(DATA EXTRACTS)
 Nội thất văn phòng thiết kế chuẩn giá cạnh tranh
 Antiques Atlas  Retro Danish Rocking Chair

* * *

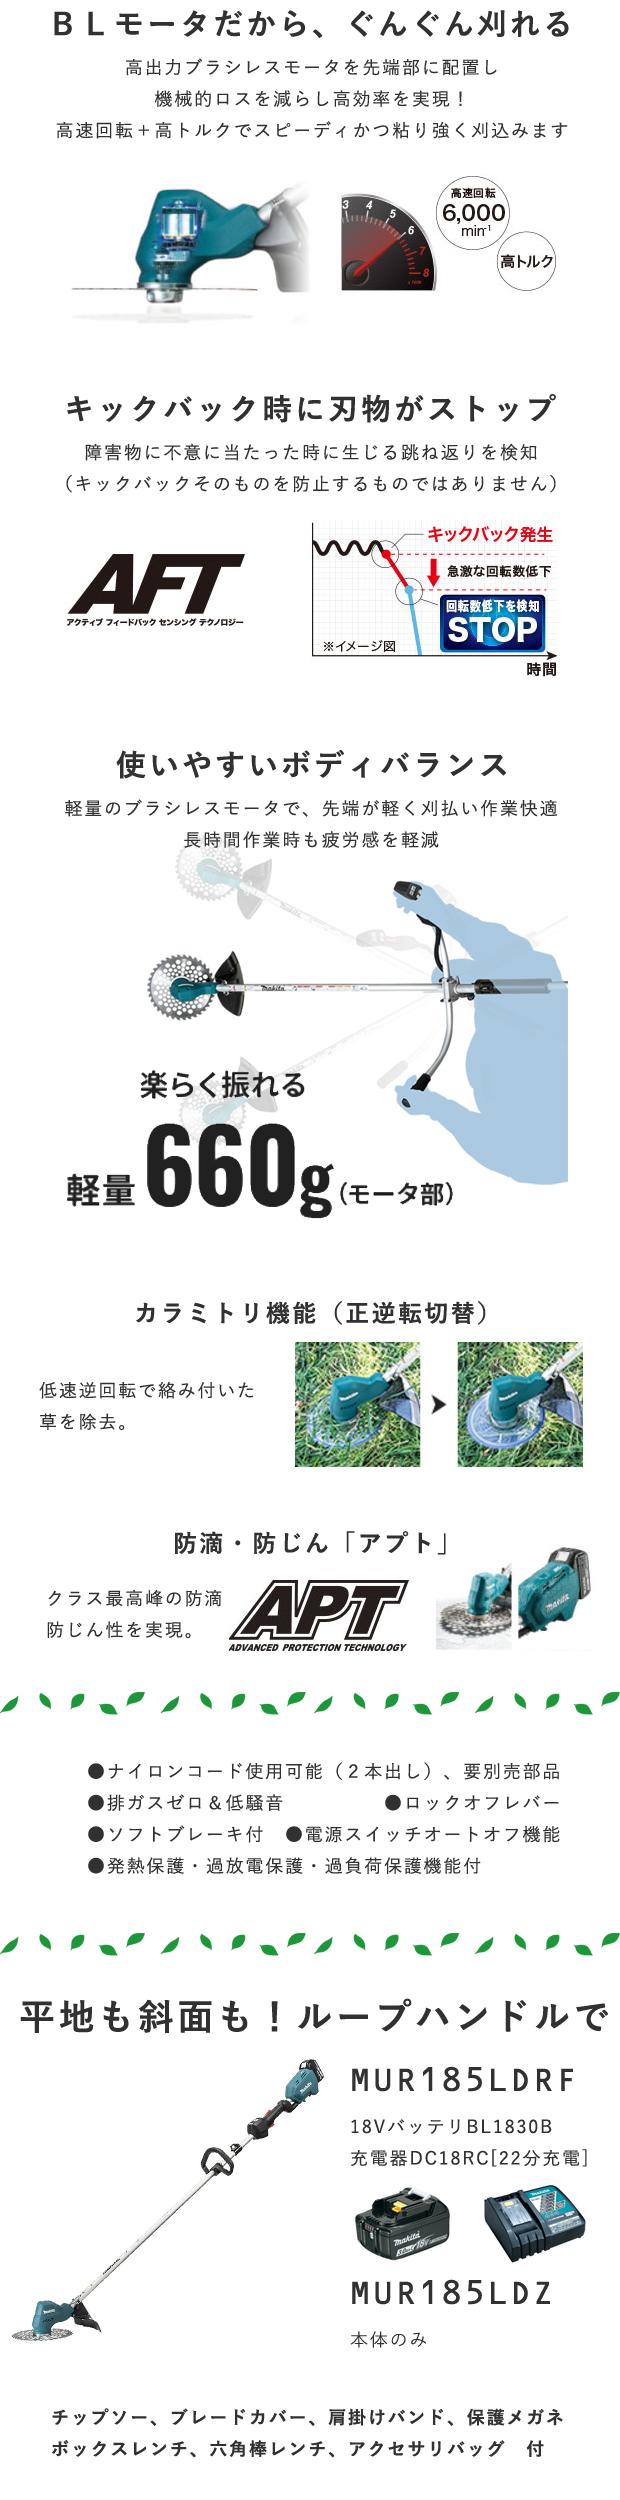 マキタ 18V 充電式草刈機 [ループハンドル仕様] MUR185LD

---

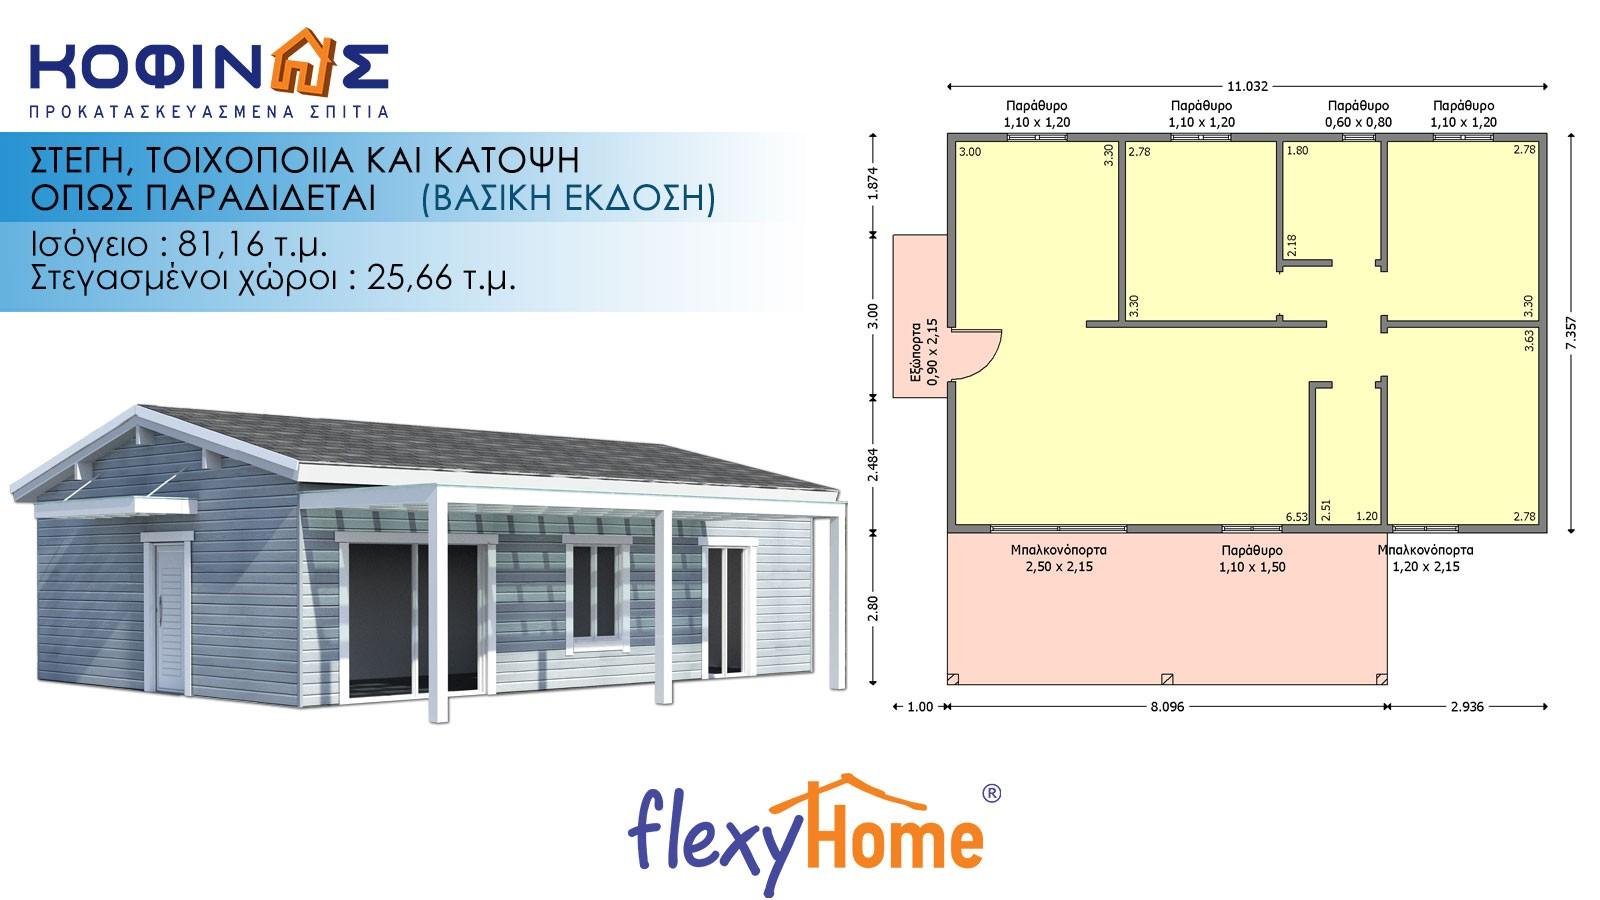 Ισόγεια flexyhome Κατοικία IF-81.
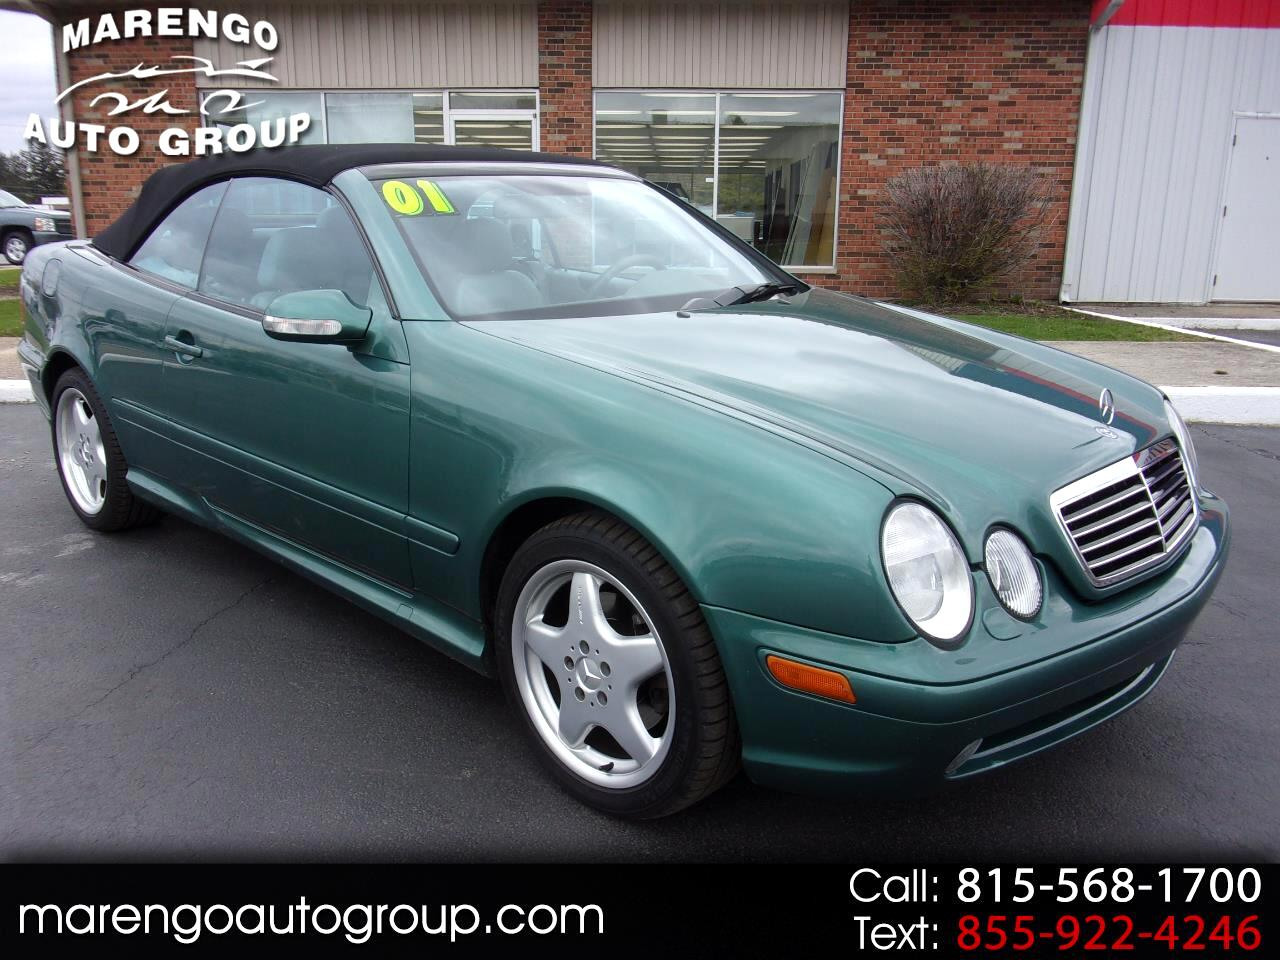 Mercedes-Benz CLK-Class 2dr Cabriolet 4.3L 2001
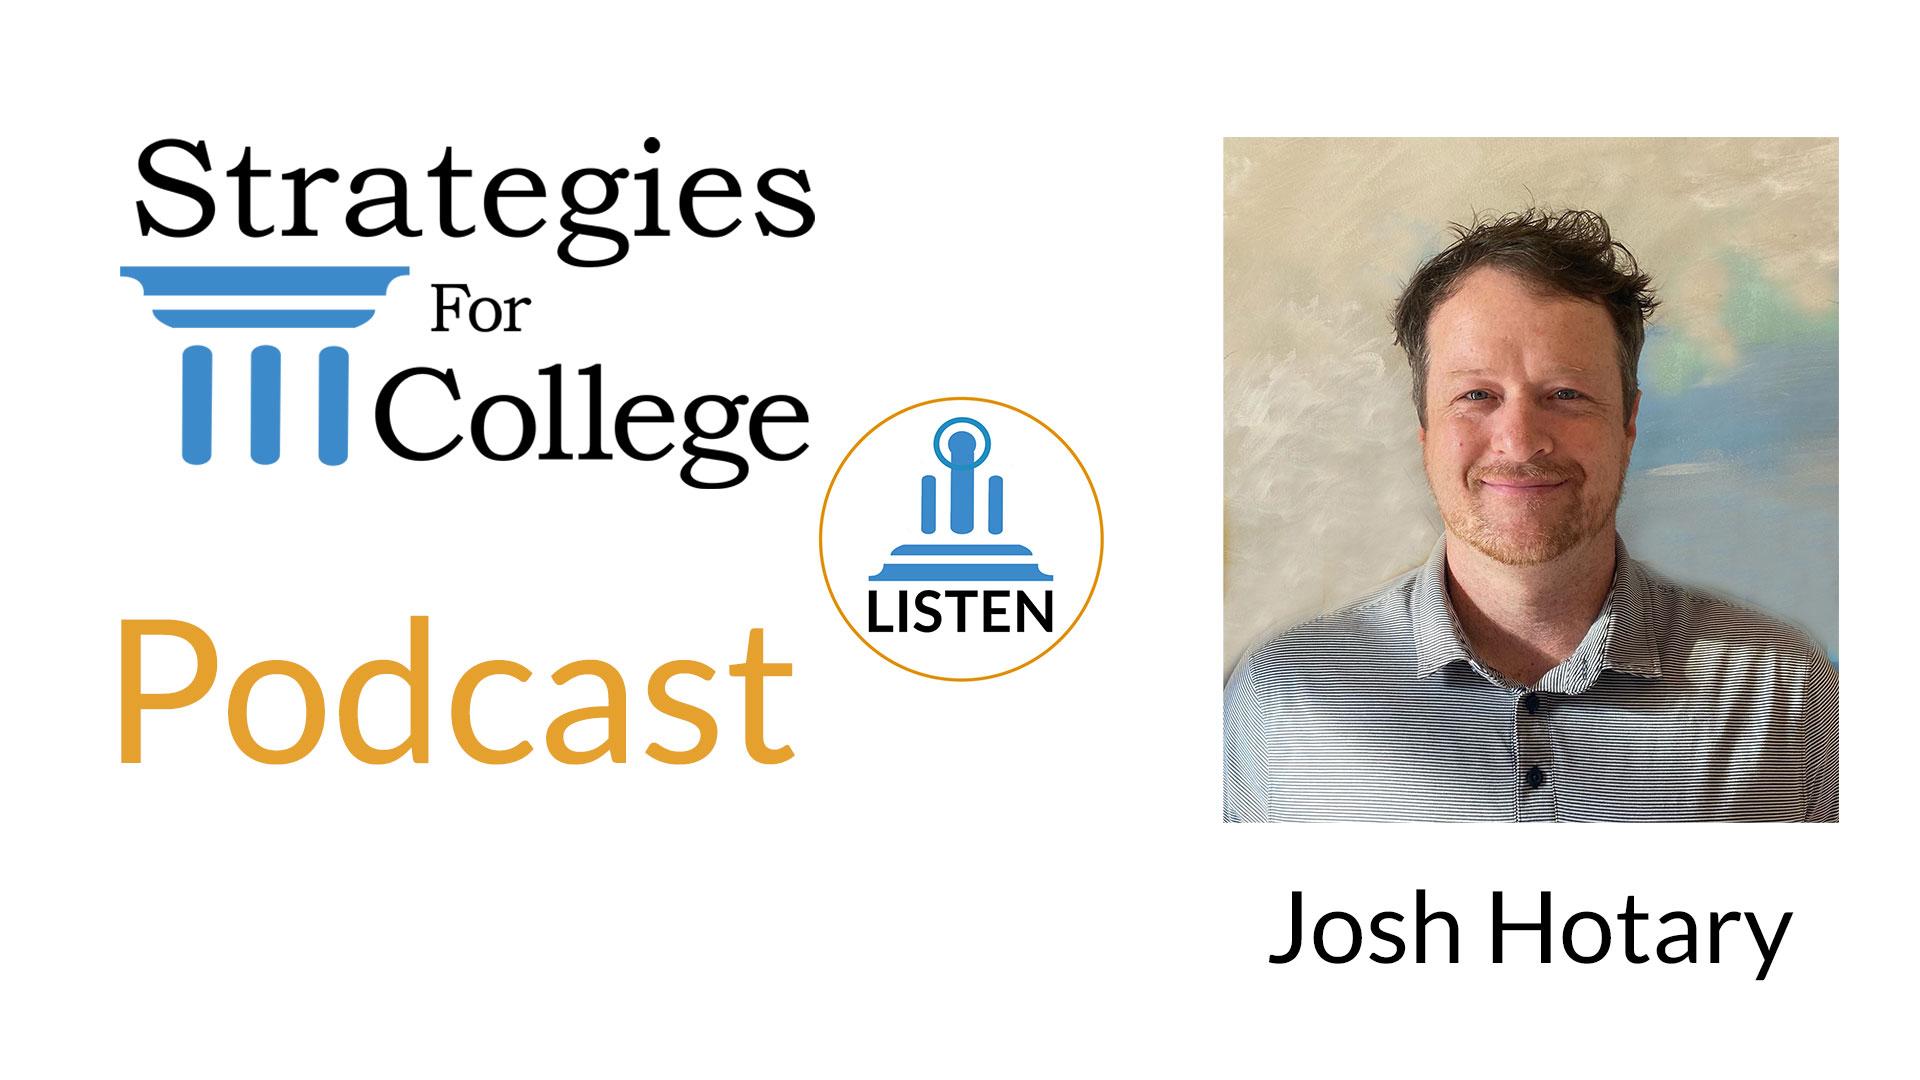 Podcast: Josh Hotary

(EXERCISE DESCRIPTION) Retype exactly the lines above, from the one with "Nội thất văn" through the one with "Danish Rocking Chair", inclusive.

(REPLY TO THE EXERCISE)
 Nội thất văn phòng thiết kế chuẩn giá cạnh tranh
 Antiques Atlas  Retro Danish Rocking Chair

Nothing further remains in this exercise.